Records from a data collection
☆ ☆ ☆ ☆ ☆

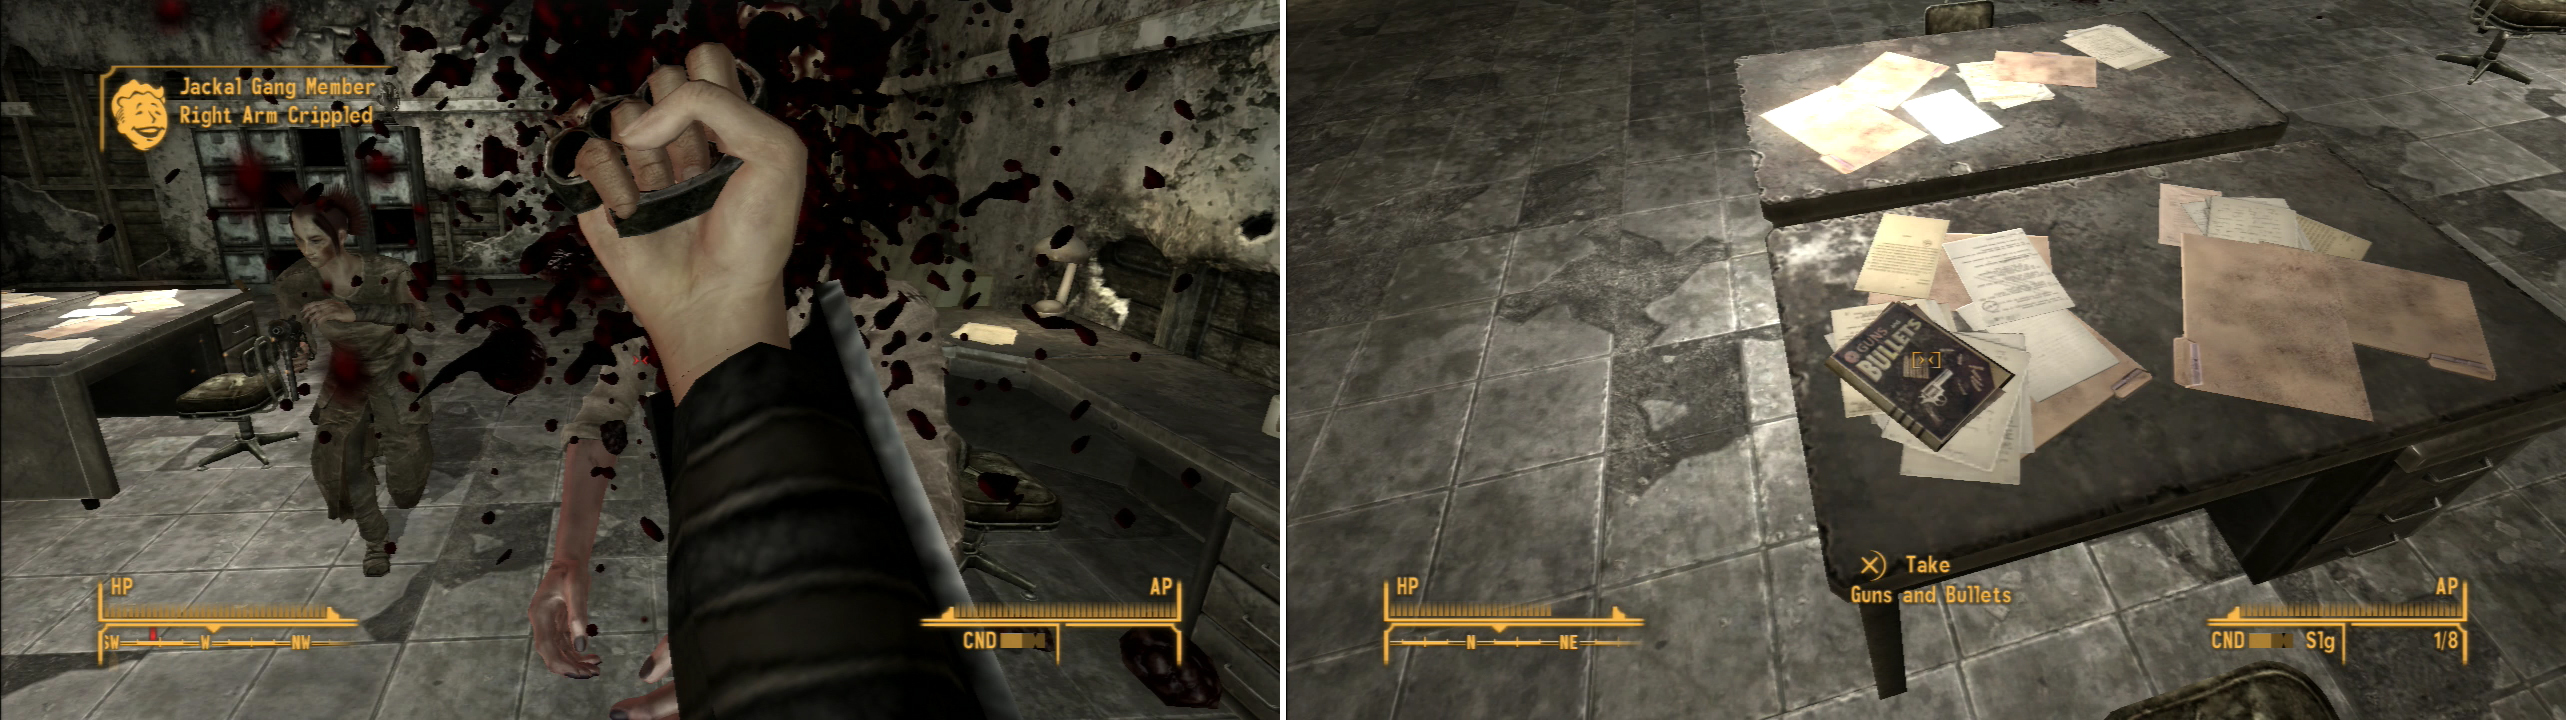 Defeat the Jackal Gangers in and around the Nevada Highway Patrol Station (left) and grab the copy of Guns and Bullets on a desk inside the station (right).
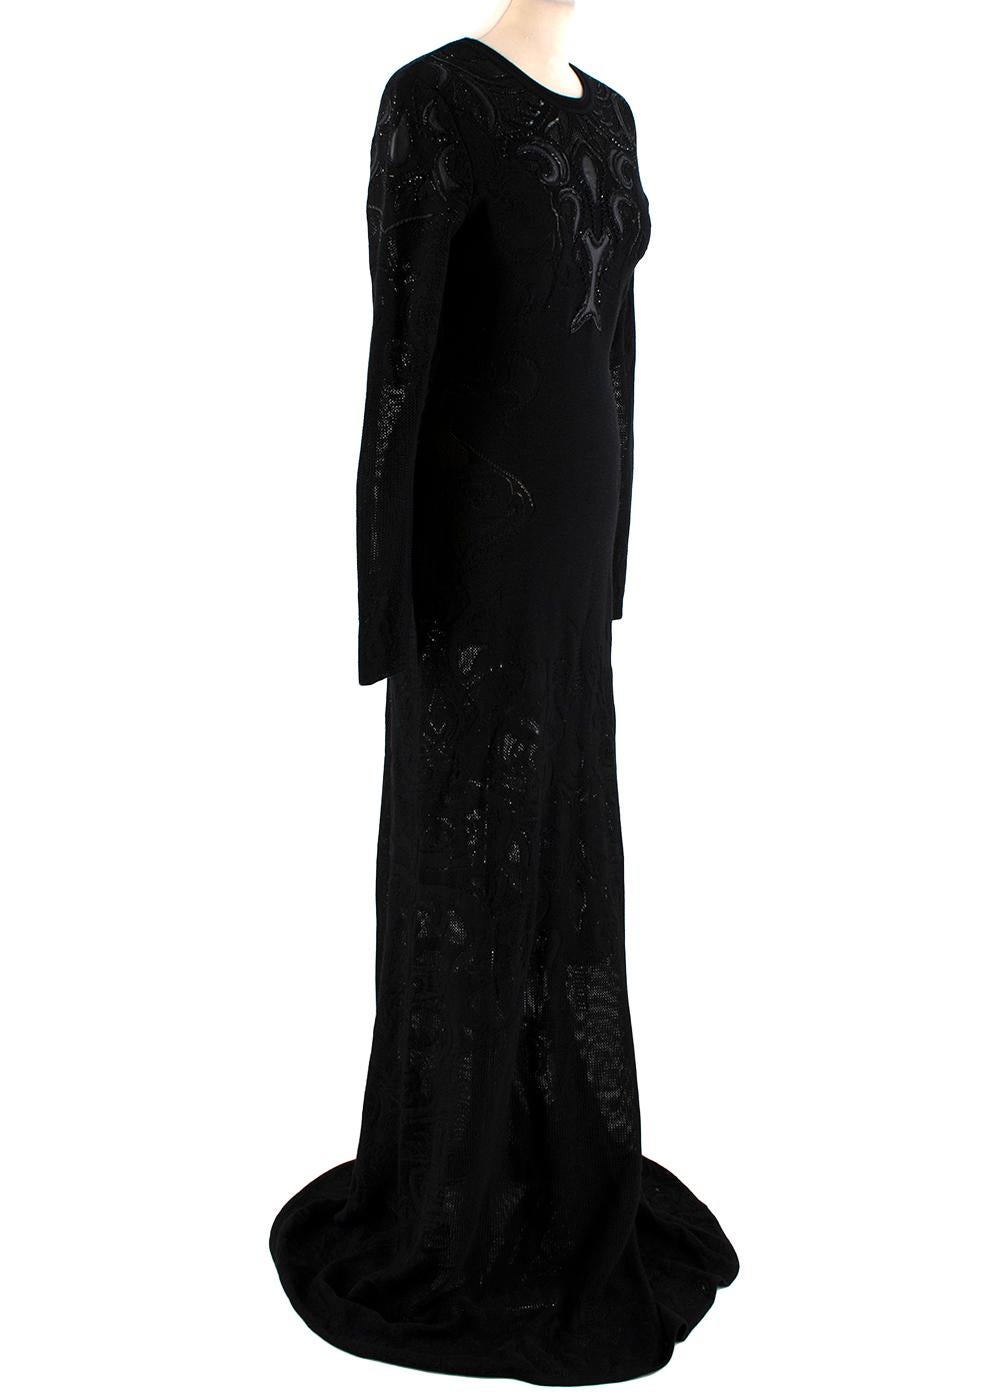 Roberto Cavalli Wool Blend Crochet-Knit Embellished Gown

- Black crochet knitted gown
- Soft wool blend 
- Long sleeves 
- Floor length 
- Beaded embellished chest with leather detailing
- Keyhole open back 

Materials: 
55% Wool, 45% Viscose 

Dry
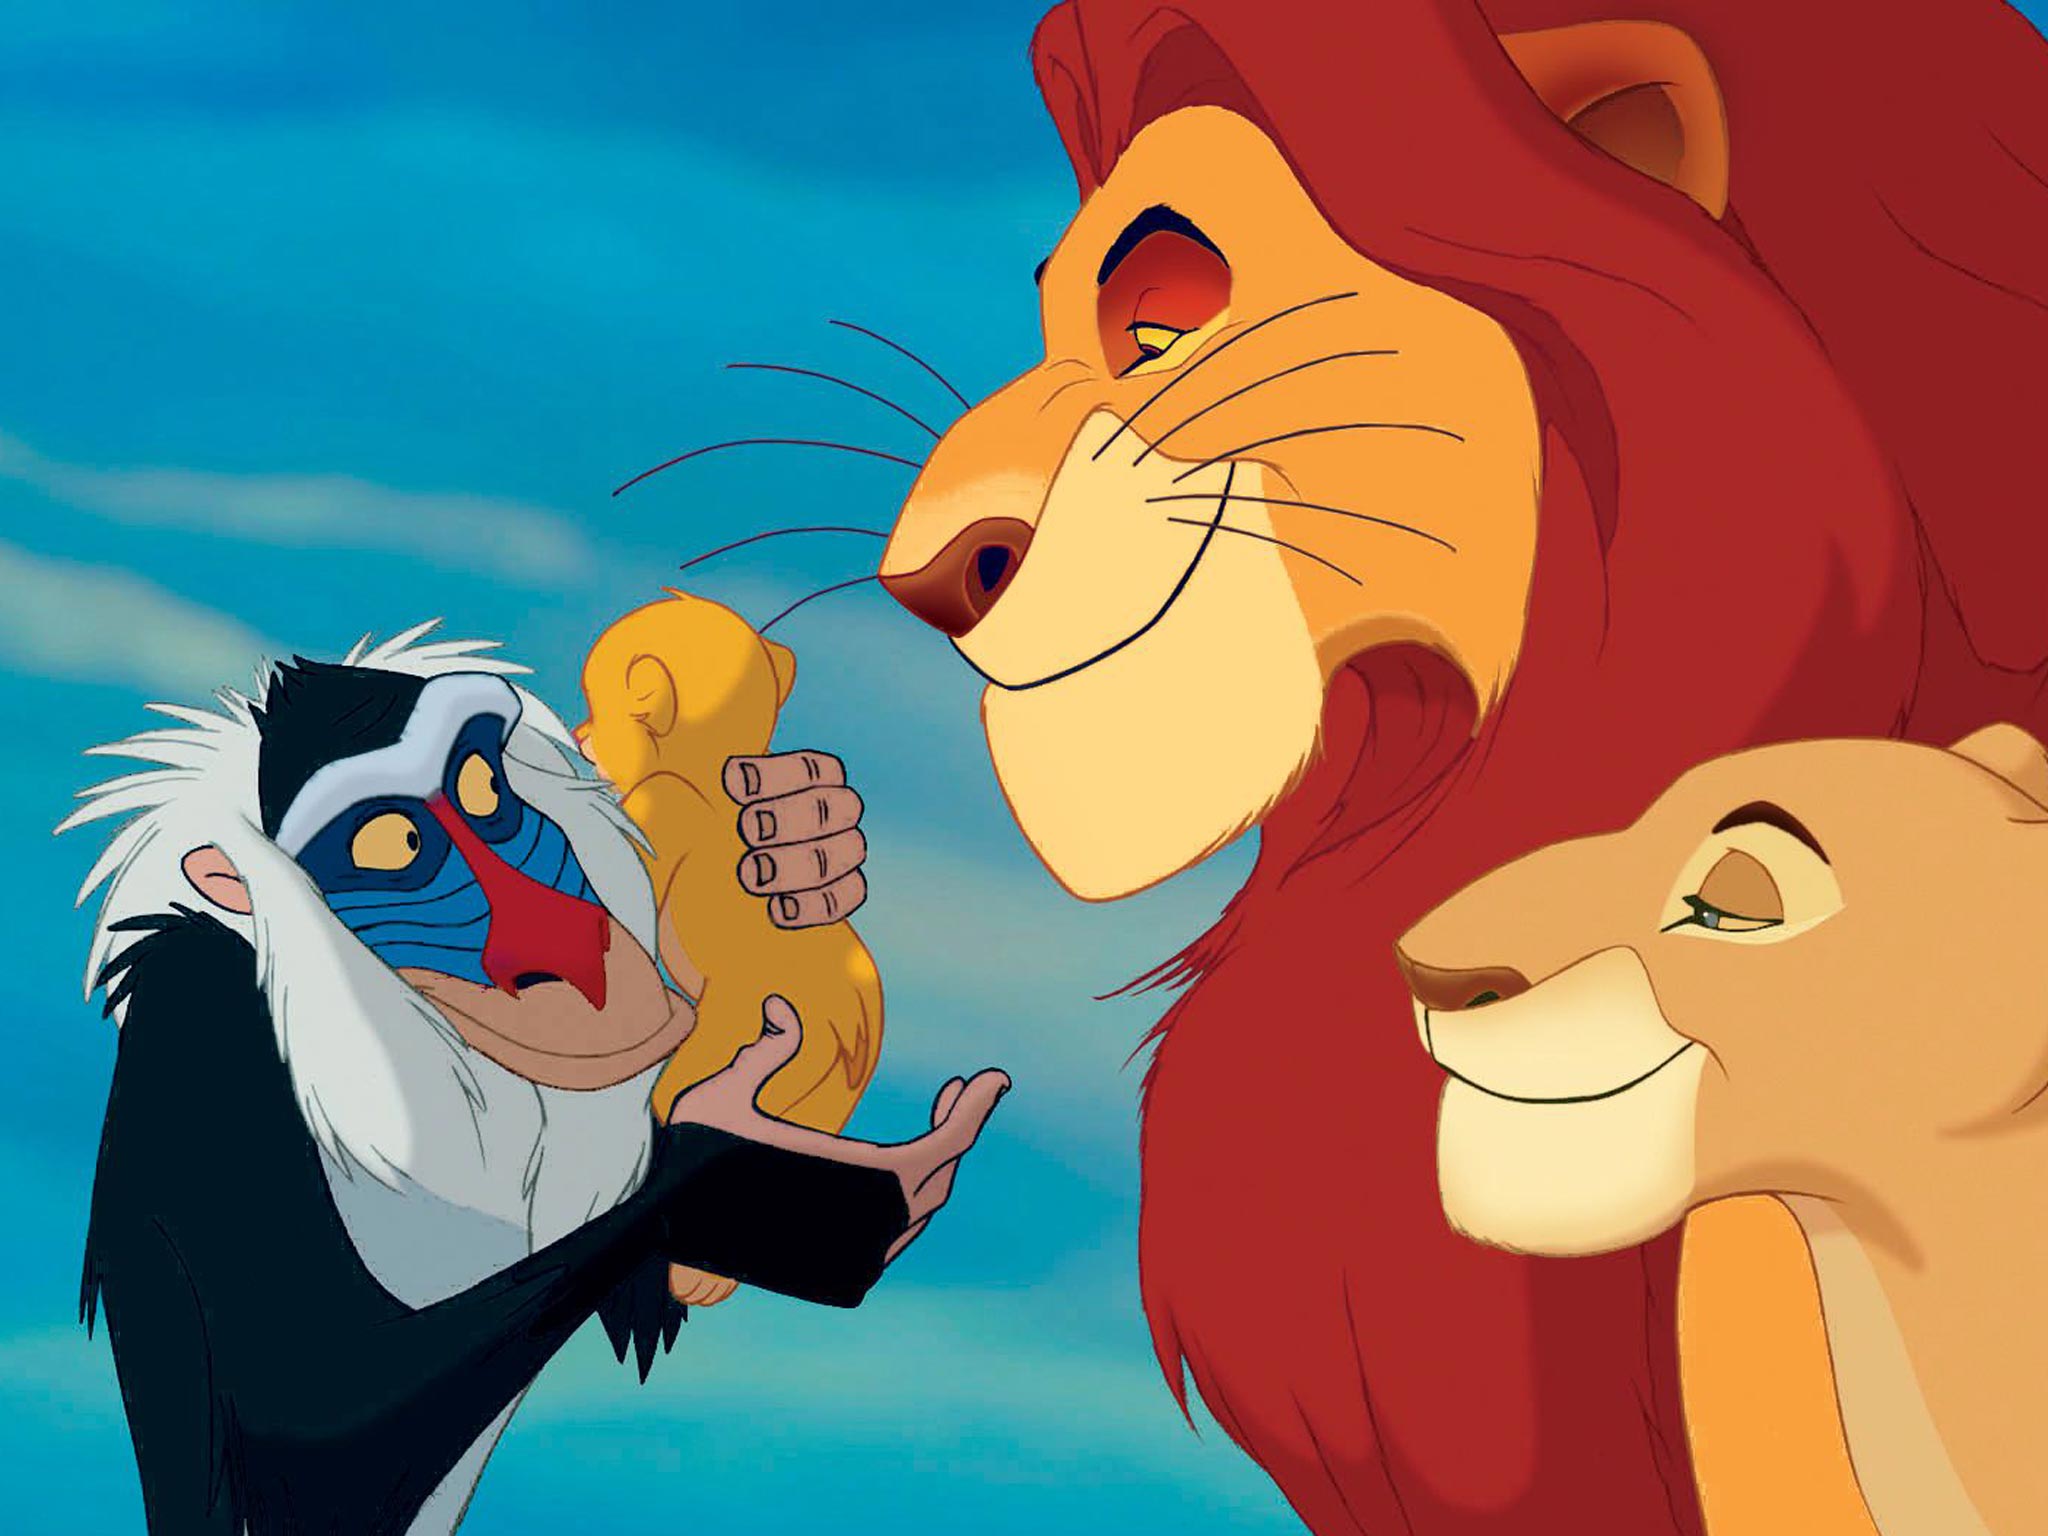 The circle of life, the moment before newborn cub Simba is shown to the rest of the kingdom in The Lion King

☆ ☆ ☆ ☆ ☆

Print all entries exactly. The images do not belong in the copy.

= OUTPUT OF THE EXERCISE =
 Defeat the Jackal Gangers in and around the Nevada Highway Patrol Station (left) and grab the copy of Guns and Bullets on a desk inside the station (right).
 Roberto Cavalli Wool Blend Crochet-Knit Embellished Gown

- Black crochet knitted gown
- Soft wool blend 
- Long sleeves 
- Floor length 
- Beaded embellished chest with leather detailing
- Keyhole open back 

Materials: 
55% Wool, 45% Viscose 

Dry
 The circle of life, the moment before newborn cub Simba is shown to the rest of the kingdom in The Lion King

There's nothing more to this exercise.